Left: a storyline visualization with characters a, b, c, d. Right: the event graph.

Our Results. While previous results focus on drawing storyline visualizations in practice using heuristics [5, 10], here we investigate the minimum number of crossings required in any storyline visualization. First, we investigate storyline visualizations in a restricted case. We show that if (1) each meeting consists of exactly two characters and (2) the meetings can be modeled as a tree, then we can always find a storyline visualization with \(O(n\log n)\) crossings, where n is the number of characters. Furthermore, we show that there exist storylines in this restricted case that require \(\varOmega (n\log n)\) crossings. Lastly, we show that, in the general case, minimizing the number of crossings in a storyline visualization is fixed-parameter tractable, when parameterized on the number of characters k. Our algorithm runs in time \(O(k!^2k\log k + k!^2m)\), where m is the number of meetings.

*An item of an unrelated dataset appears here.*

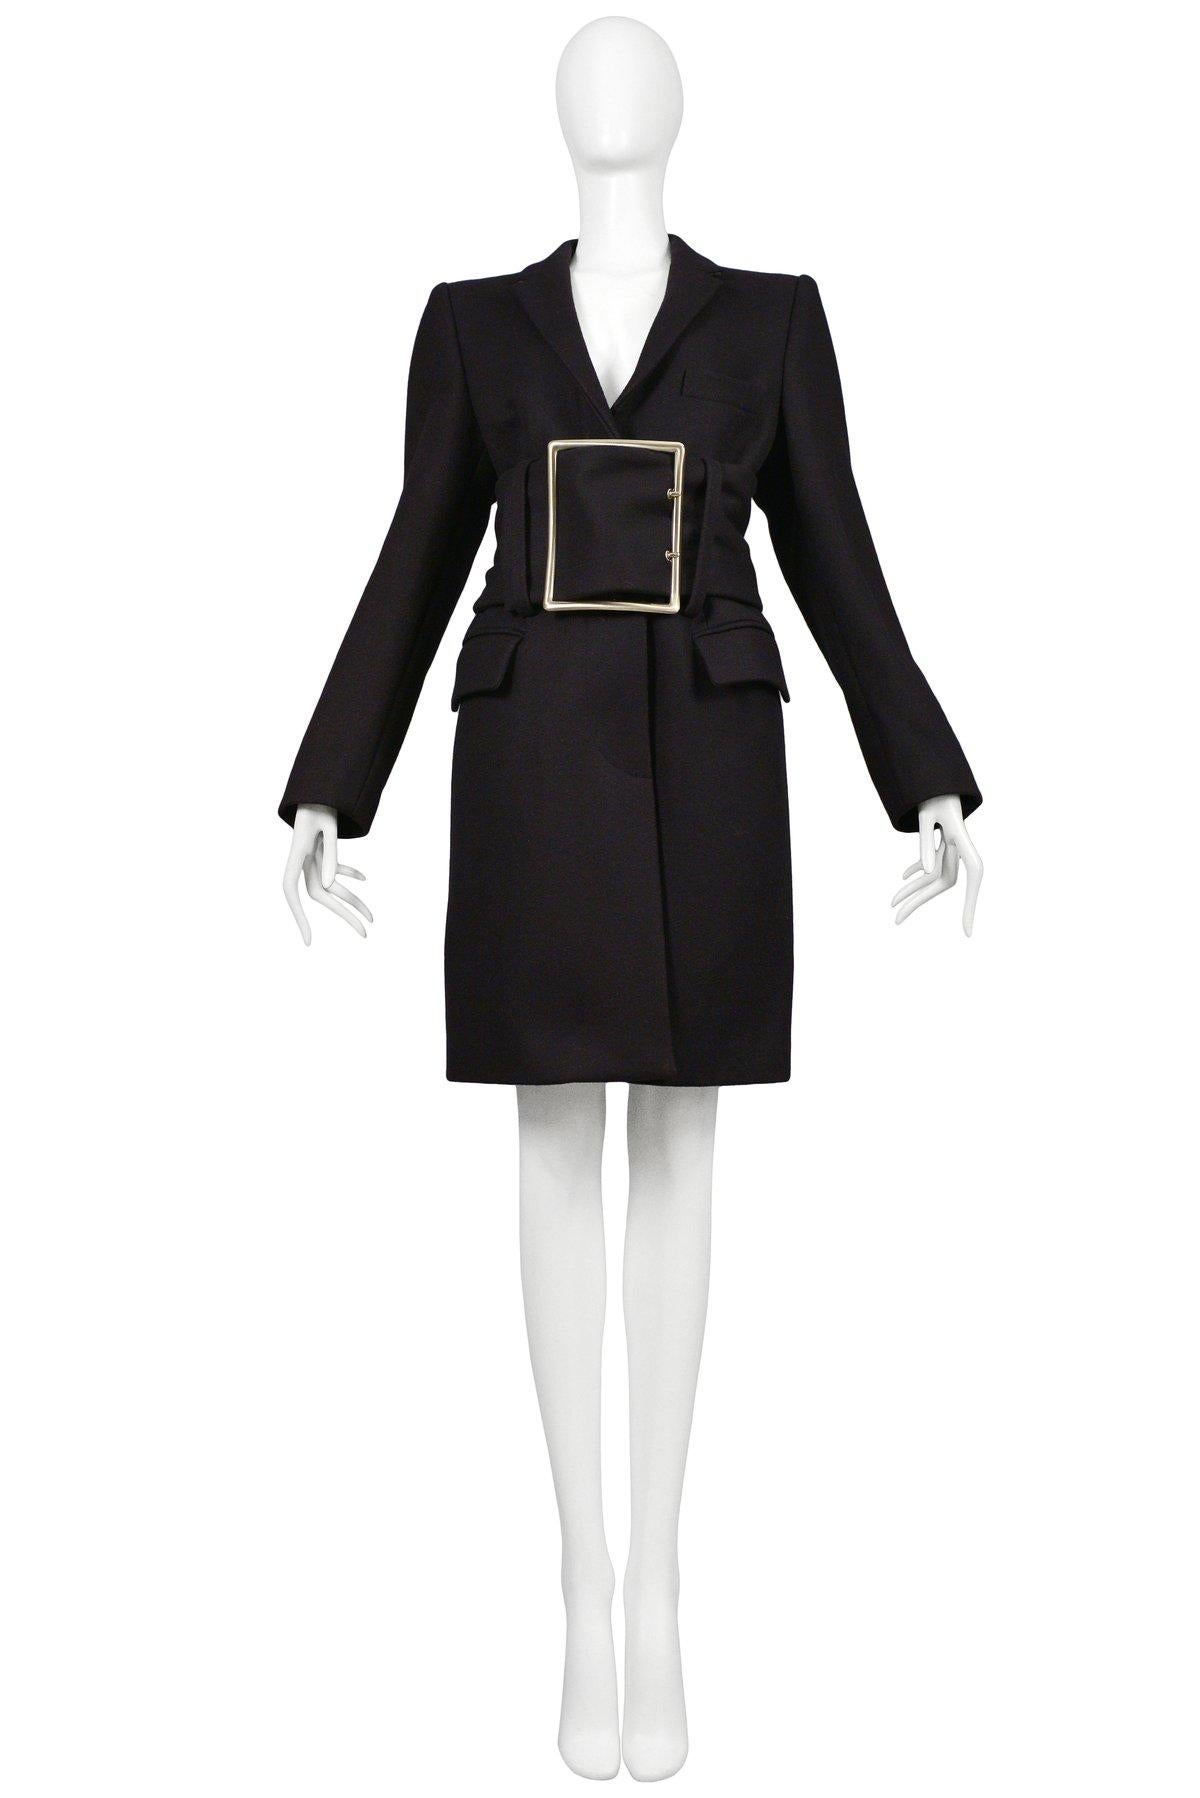 Resurrection Vintage freut sich, einen dunklen Wollmantel von Maison Martin Margiela anbieten zu können. Der Mantel ist mit einer übergroßen, silberfarbenen Gürtelschnalle und einem verstellbaren Gürtel versehen, hat seitliche Vordertaschen und ist

Problem Formulation. In the storyline problem, we are given a storyline \(S = (C, \mathcal {T}, \mathcal {E})\), that is defined by set of characters \(C=\{1,\ldots ,n\}\), that meet during closed time intervals \(\mathcal {T} \subset \{[s,t]|s,t\in \mathbb {N}, s\le t\}\). We call a meeting an event, and denote the set of events as \(\mathcal {E} \subset 2^{C} \times \mathcal {T}\), where each event \(E_i = (C_i, [s_i,t_i])\in \mathcal {E}\) (with \(1\le i\le m\)) is defined by a subset \(C_i \subseteq C\) of characters that meet for the entire time interval \([s_i, t_i] \in \mathcal {T}\) (naturally, a character cannot participate in two overlapping events). The goal then is to produce a 2D drawing of S, called a storyline visualization, where the x-axis represents time, and characters are drawn as x-monotone curves placed in some vertical order for each point in time. During each event \(E_i = (C_i, [s_i,t_i])\), curves representing characters in \(C_i\) should be grouped within some small vertical distance \(\delta _{\mathrm {group}}\) of each other, and otherwise the characters should be separated by some larger vertical distance \({\delta _{\mathrm {separate}}} > \delta _{\mathrm {group}}\).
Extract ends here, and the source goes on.